A successor entity to former football clubs Greystones A.F.C. and Greystones United, the club previously qualified for the FAI Cup in 2002, 2011 and 2017.

==History==
===Foundation===
Greystones United A.F.C. can trace its origins back to 1923 when a group of local teenagers met in North Beach to form the town's first association football team, Greystones A.F.C. Founding members included Tom Quinn, Larry Byrne, Frankie Ward and Henry Lawless, who hosted the meeting. By 1924, the club had entered a team into the Dublin Boys Realm League in the Phoenix Park.

=== Early years ===

Although Greystones A.F.C. would join the Wicklow League in 1947, the club experienced a period of decline in the 1960s. However, demand at underage level continued to grow and another club, Greystones United, was founded in 1969. Greystones Schoolboys was set up in 1981 by Brendan Walsh and John Dunne and, in 1987, these two clubs merged to form Greystones United F.C. Starting with four youth teams playing at Darcy’s Field, the club grew steadily under the leadership of their volunteers and, by 2008, it had ten schoolboy teams in the Wicklow League and a senior team in the Leinster Senior League.

===Merger===
In 2012, Greystones United withdrew from the Wicklow & District League due to their inability to field a team. 2015 saw the amalgamation of Greystones United F.C. and town neighbours Greystones A.F.C. The United name was kept and applied to the team competing in the top division of the Leinster Senior League. The club retained their traditional colours of green and white, with red and black as their alternative colour.

===Post-amalgamation===

The club qualified for the preliminary round of the 2017 FAI Cup, losing 0–3 at home to Sheriff YC. In 2018, Greystones became one of the founding clubs of the Women's Under-17 National League. In 2019, the club was featured in an episode of Liverpool F.C.'s Training S.O.S. The programme, in which Jason McAteer attempts to help amateur teams, was a two-part documentary released on Liverpool's Youtube channel.

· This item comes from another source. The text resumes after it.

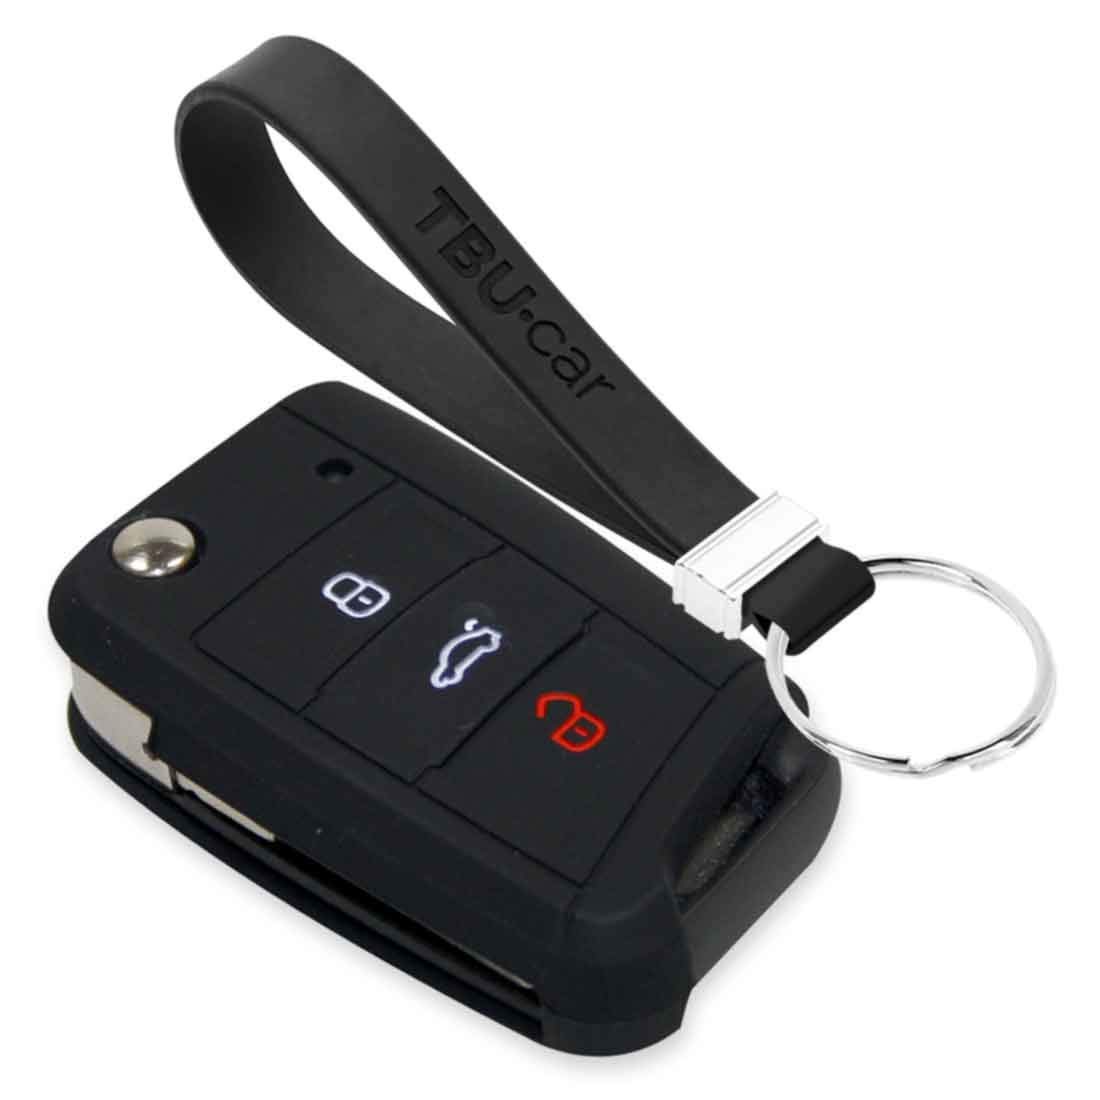 TBU car Autoschlüssel Hülle kompatibel mit VW 3 Tasten - Schutzhülle aus Silikon - Auto Schlüsselhülle Cover in Schwarz von TBU car

In 2022, Greystones United AFC entered into a partnership with Bray Wanderers for the Women’s League of Ireland. The partnership enables Greystones to field women's Under-17 and Under-19 teams in the LOI Academy leagues. In 2024, the partnership with Bray Wanderers was extended to Greystones' schoolboys teams as well.

== Grounds ==
The club's senior men's team play their Leinster Senior League games at Archfield. Before the two clubs merged, Greystones A.F.C. played at Archfield, a pitch colloquially known as "The Bog" for its soft ground. Greystones United played at Darcy’s Field, where the club built its youth reputation.

In 2003, a new home was secured at Woodlands. Preparatory work began in 2005, and the first match was played there in May 2006. Woodlands is the main base of the club, featuring a full-size all-weather pitch, modern clubhouse and multiple playing fields. Archfield still supports training and matches.

==Rivalries==
Until the merger of the clubs in 2015, Greystones United had a rivalry with town neighbours Greystones A.F.C.

The Women's U17 team have a rivalry with Bray Wanderers.

Within the Wicklow League, Greystones have a rivalry with Newtown United.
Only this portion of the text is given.